Tuning collective I/O strategies for GPFS and Lustre

November 20, 2008 by Latham, Robert J.

ROMIO’s strength lies in how it hides the details of the underlying file system from the end-user. MPI_File_open looks the same if you are writing to PVFS or GPFS, even though both systems have very different lower-level interfaces.
When it comes to the venerable but powerful two-phase collective I/O optimization, those file system quirks matter more than we thought. Wei-keng Liao at Northwestern has studied the problem and demonstrated just how badly a “one size fits all” approach is

If your storage system uses locks to enforce POSIX consistency, ROMIO can work around that — A little bit of file-system awareness can result in much better performance

The summary: if you align your ROMIO file domians to file system block boundaries, you get great GPFS performance, but terrible Lustre performance.
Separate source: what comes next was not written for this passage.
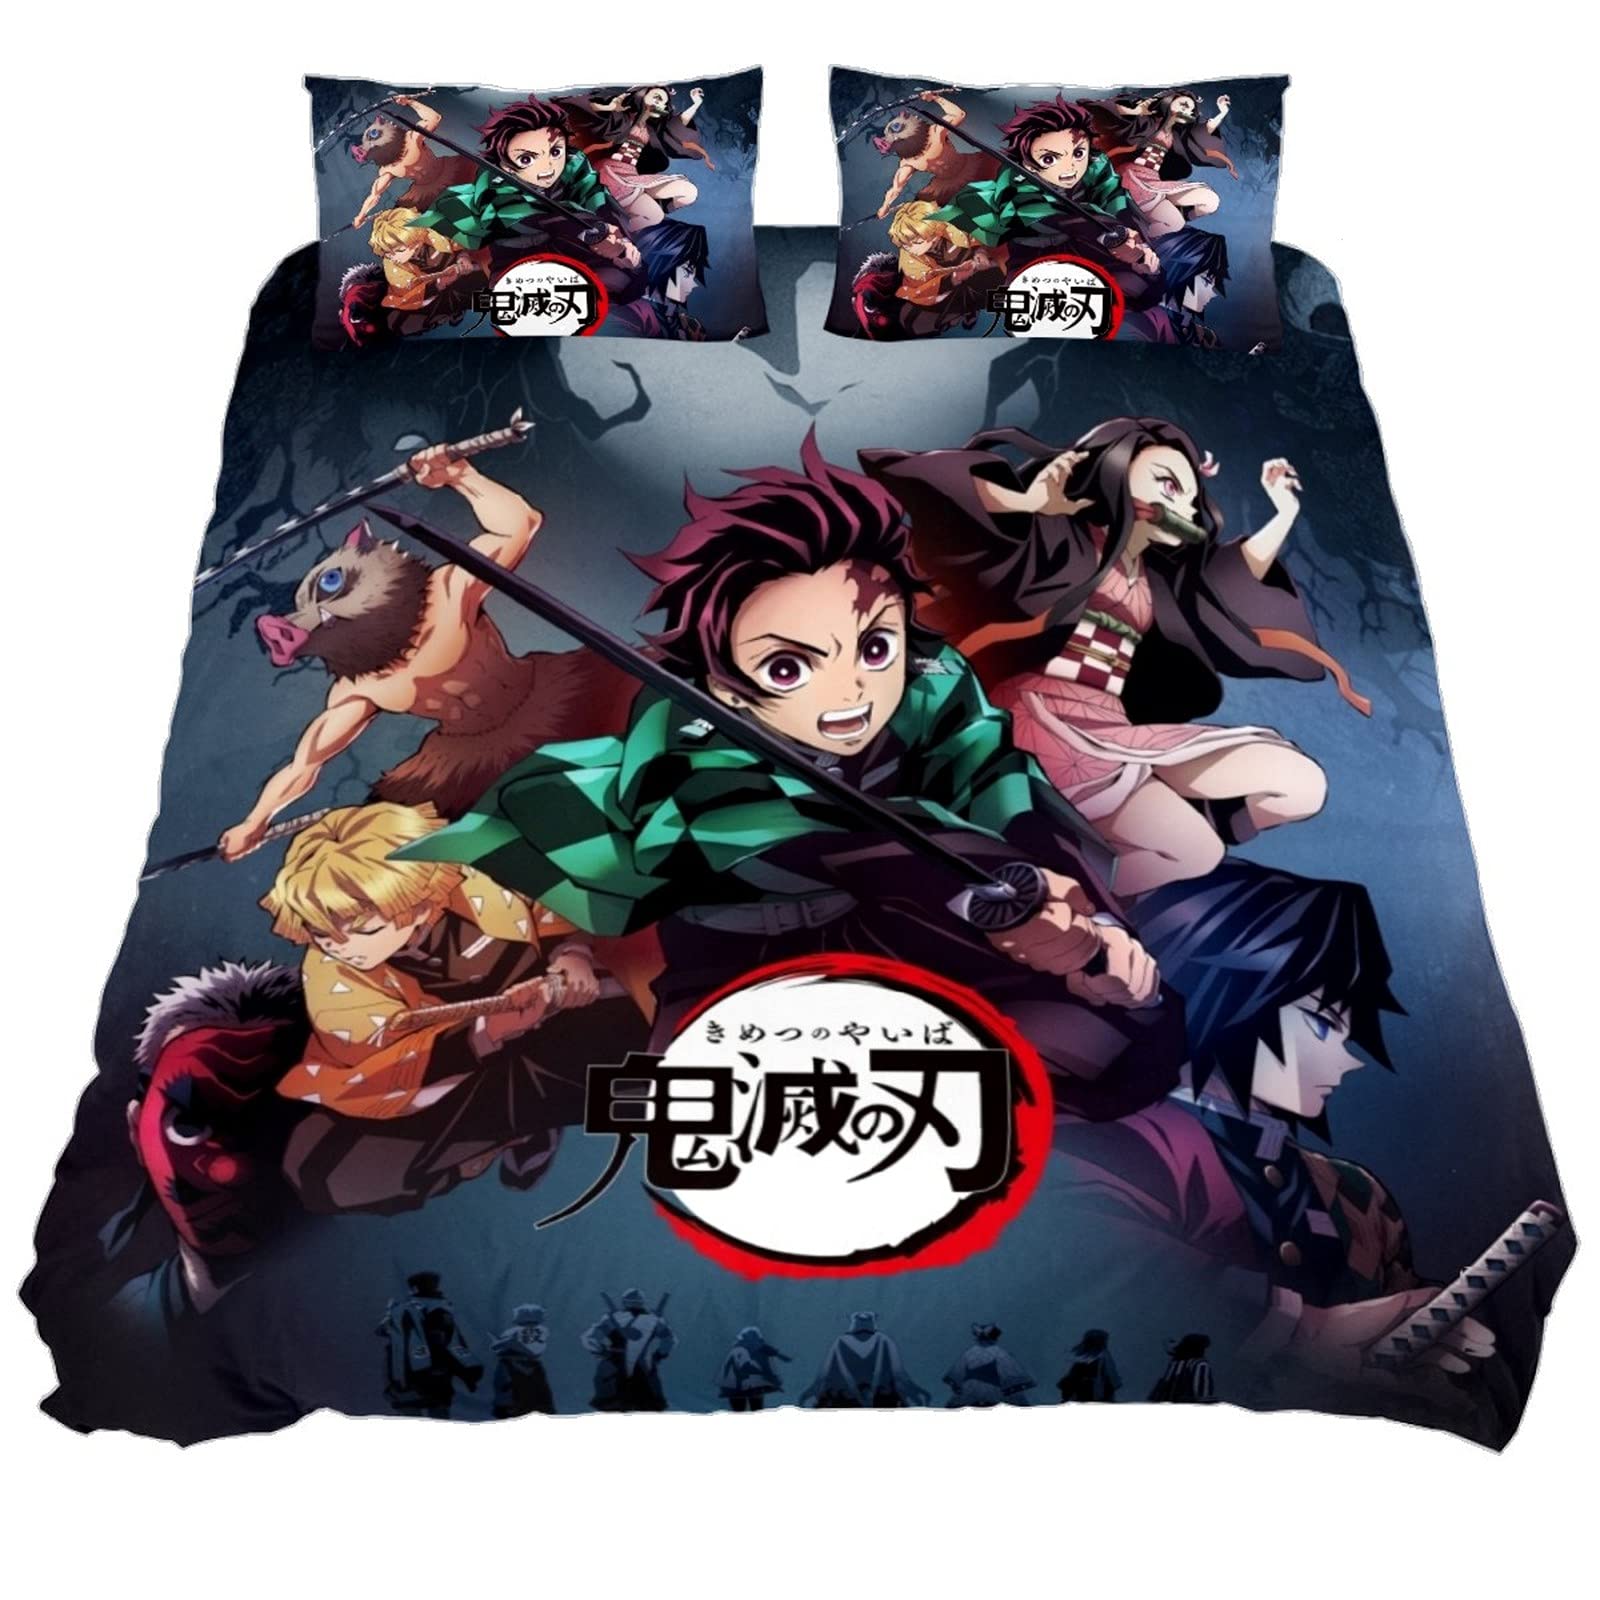 Mua Anime Demon Slayer Bedding Queen Size Japanese Kimetsu no Yaiba Bed Set  3pcs Bedroom Duvet Cover Set for Teens Boys Girls 1 Quilt Cover + 2  Pillowcases(No Comforter) trên Amazon Mỹ

If you carefully split up your domain into a “group cyclic” style, where each ROMIO I/O aggregator communicates with only one Lustre OSS, you get great Lustre performance, but terrible GPFS performance.
If you try to do this in an application, you are probably going to get it wrong. Let ROMIO deal with it!
Here’s the paper: Dynamically Adapting File Domain Partitioning Methods for Collective I/O Based on Underlying Parallel File System Locking Protocols.